■ EXERCISE
Which lines in the records below contain the word "Shop"? Copy each of them.

*** MATERIAL SUPPLIED ***

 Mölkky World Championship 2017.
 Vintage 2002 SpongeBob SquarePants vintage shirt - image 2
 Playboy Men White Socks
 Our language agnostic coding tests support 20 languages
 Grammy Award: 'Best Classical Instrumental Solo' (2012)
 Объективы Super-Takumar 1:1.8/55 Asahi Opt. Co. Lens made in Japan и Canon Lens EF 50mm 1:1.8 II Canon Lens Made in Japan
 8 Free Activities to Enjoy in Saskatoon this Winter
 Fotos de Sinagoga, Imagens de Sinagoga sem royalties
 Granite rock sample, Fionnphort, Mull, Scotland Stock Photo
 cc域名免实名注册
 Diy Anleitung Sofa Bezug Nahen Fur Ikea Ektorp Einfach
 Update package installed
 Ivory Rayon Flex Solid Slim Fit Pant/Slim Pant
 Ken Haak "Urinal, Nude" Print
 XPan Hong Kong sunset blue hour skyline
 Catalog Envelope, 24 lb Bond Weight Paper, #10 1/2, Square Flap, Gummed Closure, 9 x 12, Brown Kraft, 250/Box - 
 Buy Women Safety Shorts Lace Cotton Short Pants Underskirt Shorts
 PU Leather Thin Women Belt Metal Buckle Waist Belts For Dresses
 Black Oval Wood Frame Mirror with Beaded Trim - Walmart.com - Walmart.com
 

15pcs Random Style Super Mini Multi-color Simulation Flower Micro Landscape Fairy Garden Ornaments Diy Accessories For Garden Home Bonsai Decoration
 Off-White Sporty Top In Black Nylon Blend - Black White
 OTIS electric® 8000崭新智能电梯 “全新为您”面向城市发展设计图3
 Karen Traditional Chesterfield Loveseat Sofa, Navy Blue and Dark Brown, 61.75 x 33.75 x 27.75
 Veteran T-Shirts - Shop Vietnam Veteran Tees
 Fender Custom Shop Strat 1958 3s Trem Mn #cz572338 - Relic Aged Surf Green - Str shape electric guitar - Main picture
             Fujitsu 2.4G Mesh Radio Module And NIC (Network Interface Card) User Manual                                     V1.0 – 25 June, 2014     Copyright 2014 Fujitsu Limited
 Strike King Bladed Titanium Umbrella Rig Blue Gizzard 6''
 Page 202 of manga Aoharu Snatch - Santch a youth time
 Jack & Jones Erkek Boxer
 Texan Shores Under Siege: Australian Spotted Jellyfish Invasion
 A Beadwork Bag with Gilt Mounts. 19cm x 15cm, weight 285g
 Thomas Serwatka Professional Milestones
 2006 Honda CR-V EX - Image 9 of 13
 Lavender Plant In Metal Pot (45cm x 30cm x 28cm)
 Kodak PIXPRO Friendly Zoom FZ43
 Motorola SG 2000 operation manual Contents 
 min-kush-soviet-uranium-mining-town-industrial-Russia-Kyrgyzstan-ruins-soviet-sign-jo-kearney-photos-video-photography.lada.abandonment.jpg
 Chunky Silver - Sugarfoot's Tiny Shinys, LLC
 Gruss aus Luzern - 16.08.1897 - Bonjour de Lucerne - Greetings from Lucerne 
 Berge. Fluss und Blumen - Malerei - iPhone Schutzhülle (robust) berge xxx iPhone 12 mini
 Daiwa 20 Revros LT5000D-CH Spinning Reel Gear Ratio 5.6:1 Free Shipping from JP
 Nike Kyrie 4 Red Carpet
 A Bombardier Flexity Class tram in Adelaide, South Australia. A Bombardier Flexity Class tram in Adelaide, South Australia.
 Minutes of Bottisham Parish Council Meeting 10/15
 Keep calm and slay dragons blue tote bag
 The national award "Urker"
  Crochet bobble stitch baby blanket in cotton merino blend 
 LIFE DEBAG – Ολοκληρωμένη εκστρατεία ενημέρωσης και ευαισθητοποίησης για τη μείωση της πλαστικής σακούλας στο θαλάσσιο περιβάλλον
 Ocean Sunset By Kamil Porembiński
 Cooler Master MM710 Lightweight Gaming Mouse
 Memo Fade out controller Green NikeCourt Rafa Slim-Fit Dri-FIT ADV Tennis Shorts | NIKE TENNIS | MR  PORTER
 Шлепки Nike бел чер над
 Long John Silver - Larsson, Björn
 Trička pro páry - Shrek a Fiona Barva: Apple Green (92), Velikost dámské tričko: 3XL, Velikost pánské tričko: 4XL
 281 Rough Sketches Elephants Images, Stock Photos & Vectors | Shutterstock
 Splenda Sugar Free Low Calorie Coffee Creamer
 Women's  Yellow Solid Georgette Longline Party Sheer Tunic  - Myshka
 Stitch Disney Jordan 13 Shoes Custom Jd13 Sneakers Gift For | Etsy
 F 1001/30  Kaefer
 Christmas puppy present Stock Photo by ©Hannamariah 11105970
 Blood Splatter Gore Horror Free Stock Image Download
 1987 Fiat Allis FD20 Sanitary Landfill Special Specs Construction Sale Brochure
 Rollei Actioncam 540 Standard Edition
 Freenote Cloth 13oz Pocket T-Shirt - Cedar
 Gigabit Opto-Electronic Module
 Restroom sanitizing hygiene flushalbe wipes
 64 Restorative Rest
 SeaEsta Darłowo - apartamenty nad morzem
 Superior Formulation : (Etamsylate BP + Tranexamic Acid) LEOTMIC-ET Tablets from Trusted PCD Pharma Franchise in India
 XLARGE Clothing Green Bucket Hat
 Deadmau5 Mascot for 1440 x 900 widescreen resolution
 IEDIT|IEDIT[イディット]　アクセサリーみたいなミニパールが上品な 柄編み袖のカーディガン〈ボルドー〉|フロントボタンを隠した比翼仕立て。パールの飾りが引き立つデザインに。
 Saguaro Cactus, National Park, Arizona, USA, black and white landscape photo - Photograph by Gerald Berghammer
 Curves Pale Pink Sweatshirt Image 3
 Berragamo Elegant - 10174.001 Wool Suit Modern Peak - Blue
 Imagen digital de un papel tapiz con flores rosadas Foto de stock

*** End of MATERIAL SUPPLIED ***

■ TASK SOLUTION
 Veteran T-Shirts - Shop Vietnam Veteran Tees
 Fender Custom Shop Strat 1958 3s Trem Mn #cz572338 - Relic Aged Surf Green - Str shape electric guitar - Main picture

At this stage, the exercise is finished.